The single-scale patch-based sampling strategy, which composes the entire image by moving patches, has certain drawbacks, especially when the stride is large, leading to noticeable checkerboard artifacts. Therefore, in practice, we use smaller strides and multiple scales to avoid checkerboard artifacts. Additionally, we perform multiple multi-scale fusions on the intermediate samples xt in the diffusion model, rather than just one fusion, which improves image quality as shown in Figure 10. Moreover, using blocks of three scales is not essential; combining blocks of two different sizes usually performs better than using a single scale.

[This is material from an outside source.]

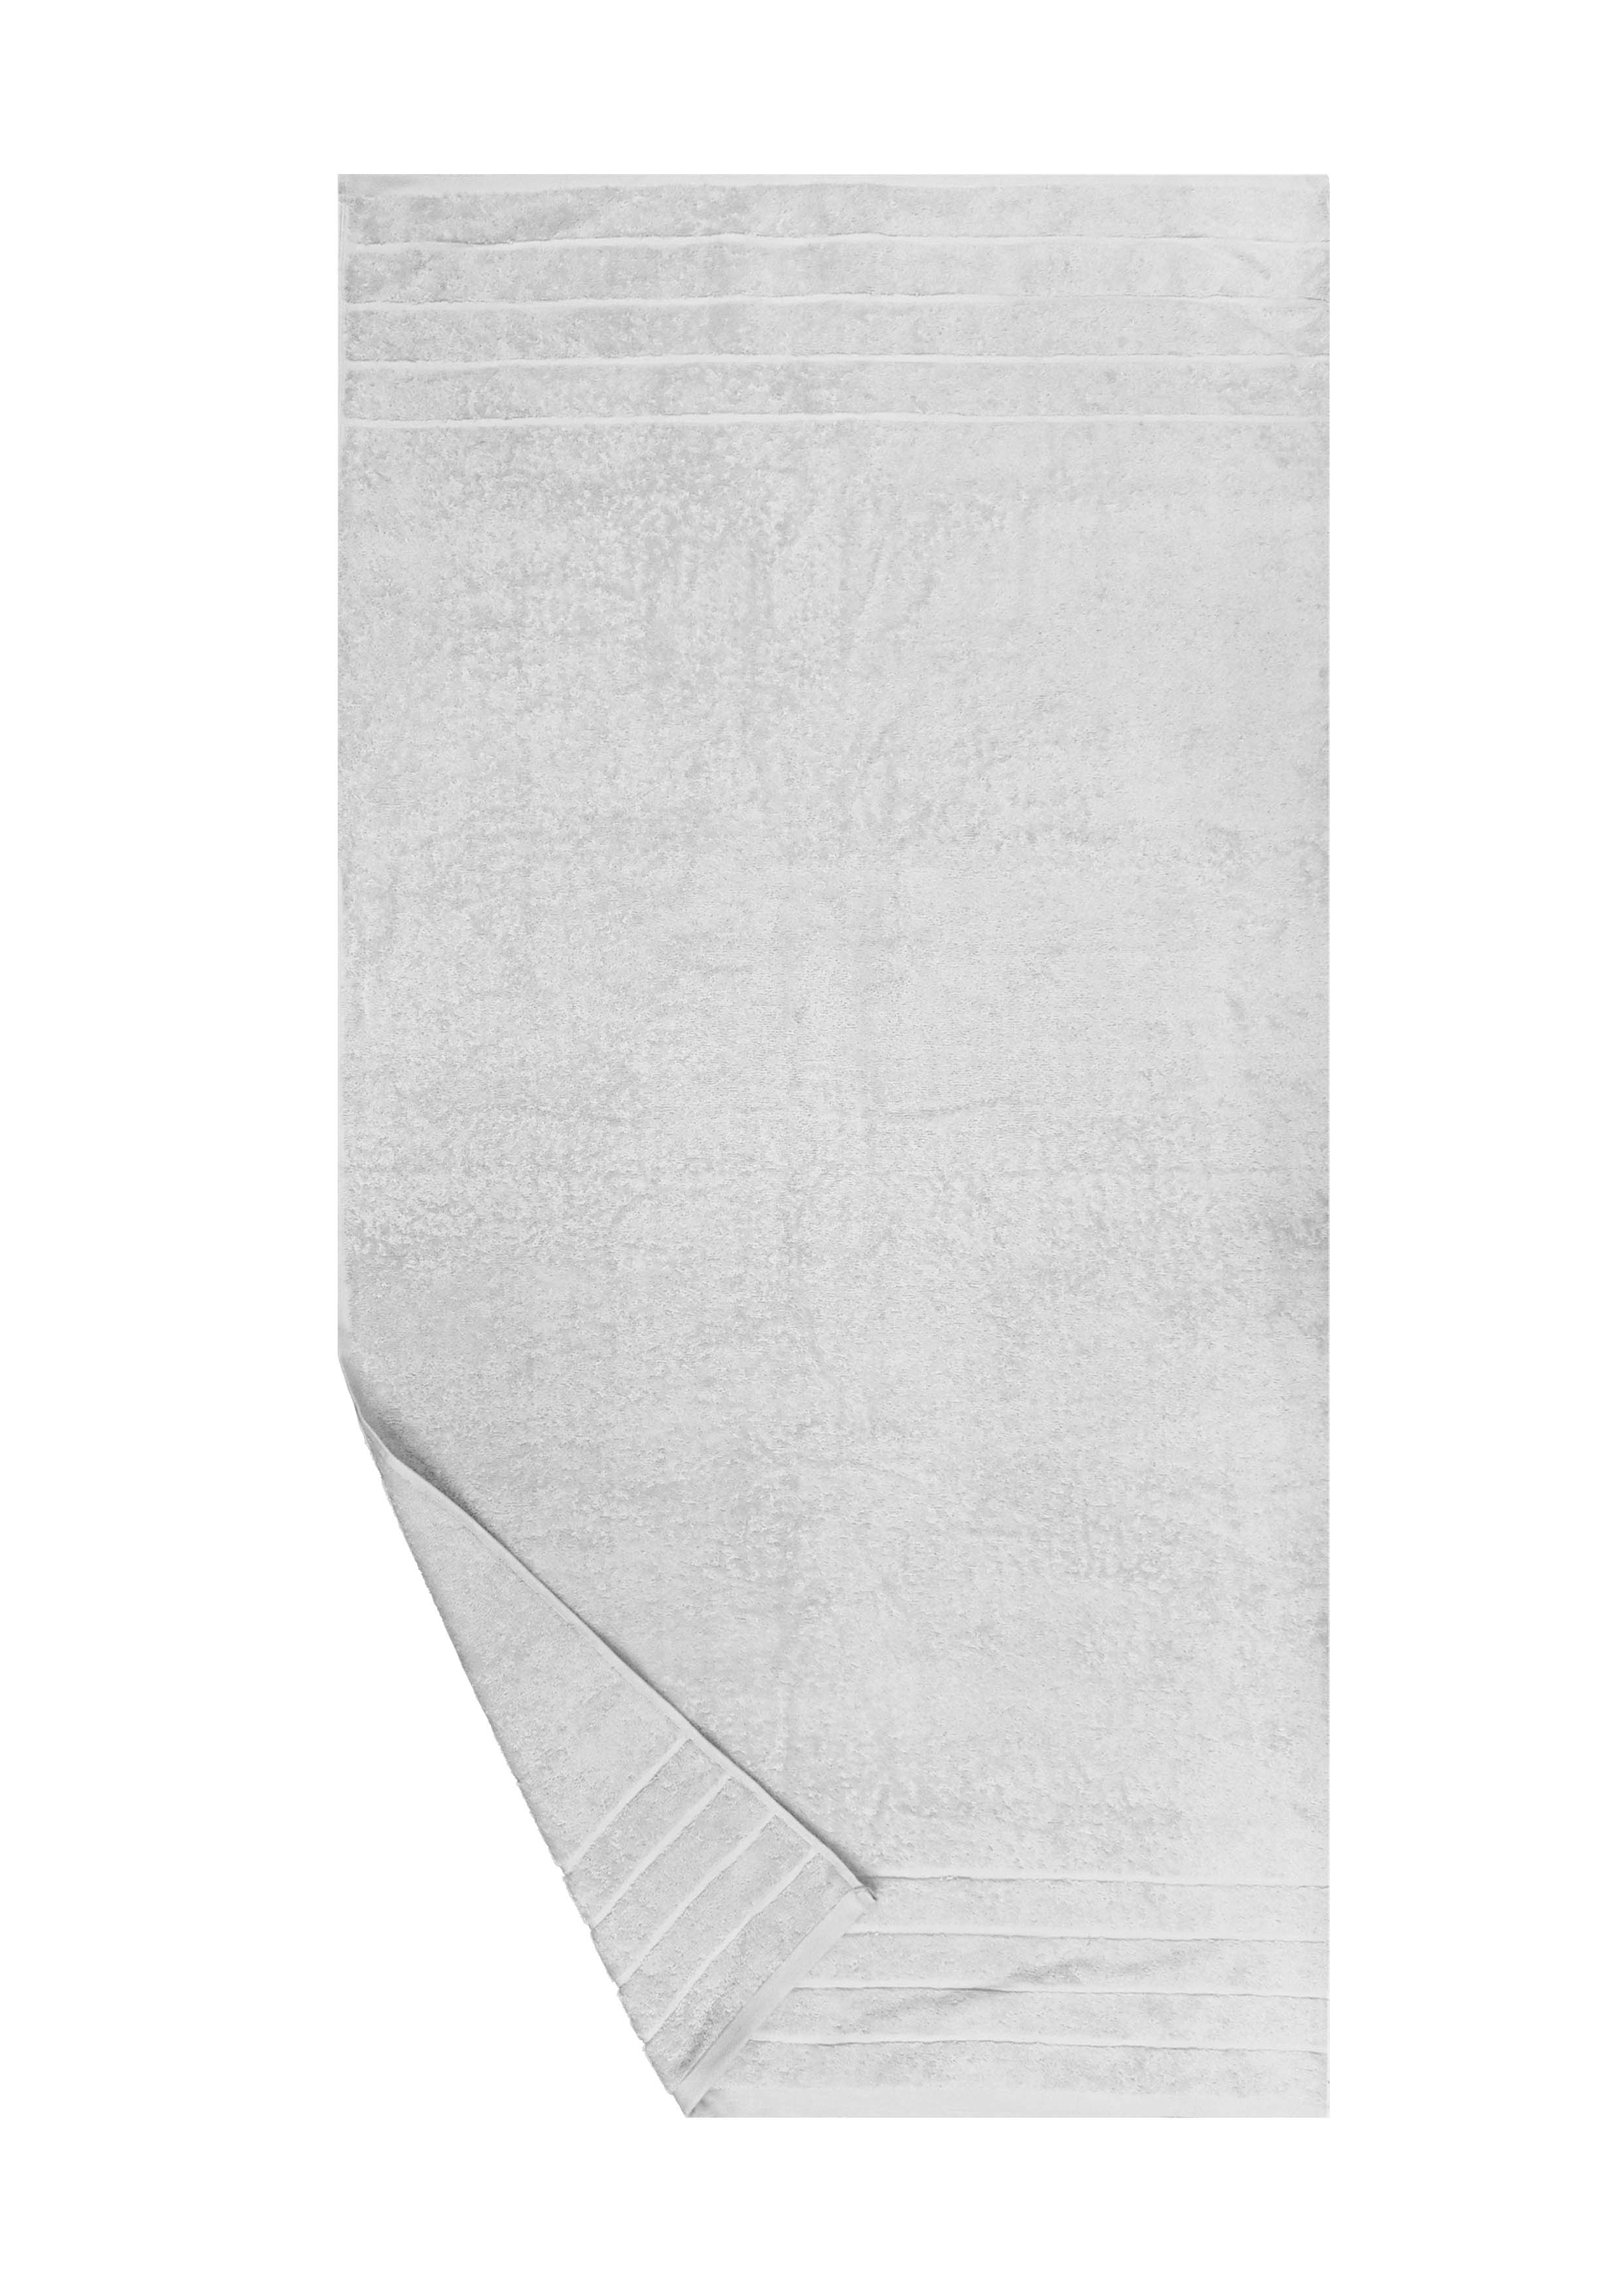 Khăn Tắm Akemi Dry-Tech Cotton 68cm x 138cm, 1 cái

Thanks for your reply. But in the actual inference process, the sampling strategy based on single-scale patches composes the entire image without moving patches. In the denoising process of the diffusion model, the model's noise prediction for each patch is usually only related to the intra-patch information. Therefore, moving blocks does cause checkerboard artifacts. This phenomenon is usually caused by inconsistent denoising levels in different areas. Even if multi-scale fusion is not used, checkerboard artifacts are usually not caused if the patch segmentation is kept unchanged. In fact, the most common phenomenon is the artifact at the junction of patches.
The method of constructing the entire image by moving patchs mainly refers to WeatherDiffusion [TPAMI 2023]. To address the smoothness at the junctions of non-overlapping blocks, WeatherDiffusion involves moving and averaging the blocks to form the whole image. Therefore, we attempt to mitigate this issue by reducing the stride and using multiple scales.
I would like to ask how to understand “uneven overlapping” in the conventional patch-based sampling strategy. In other tasks, I did not find the checkerboard artifacts shown in the paper in the conventional patch-based sampling strategy. In addition, if the conventional patch-based sampling strategy has checkerboard artifacts, why can the multi-scale method proposed in this paper solve this problem?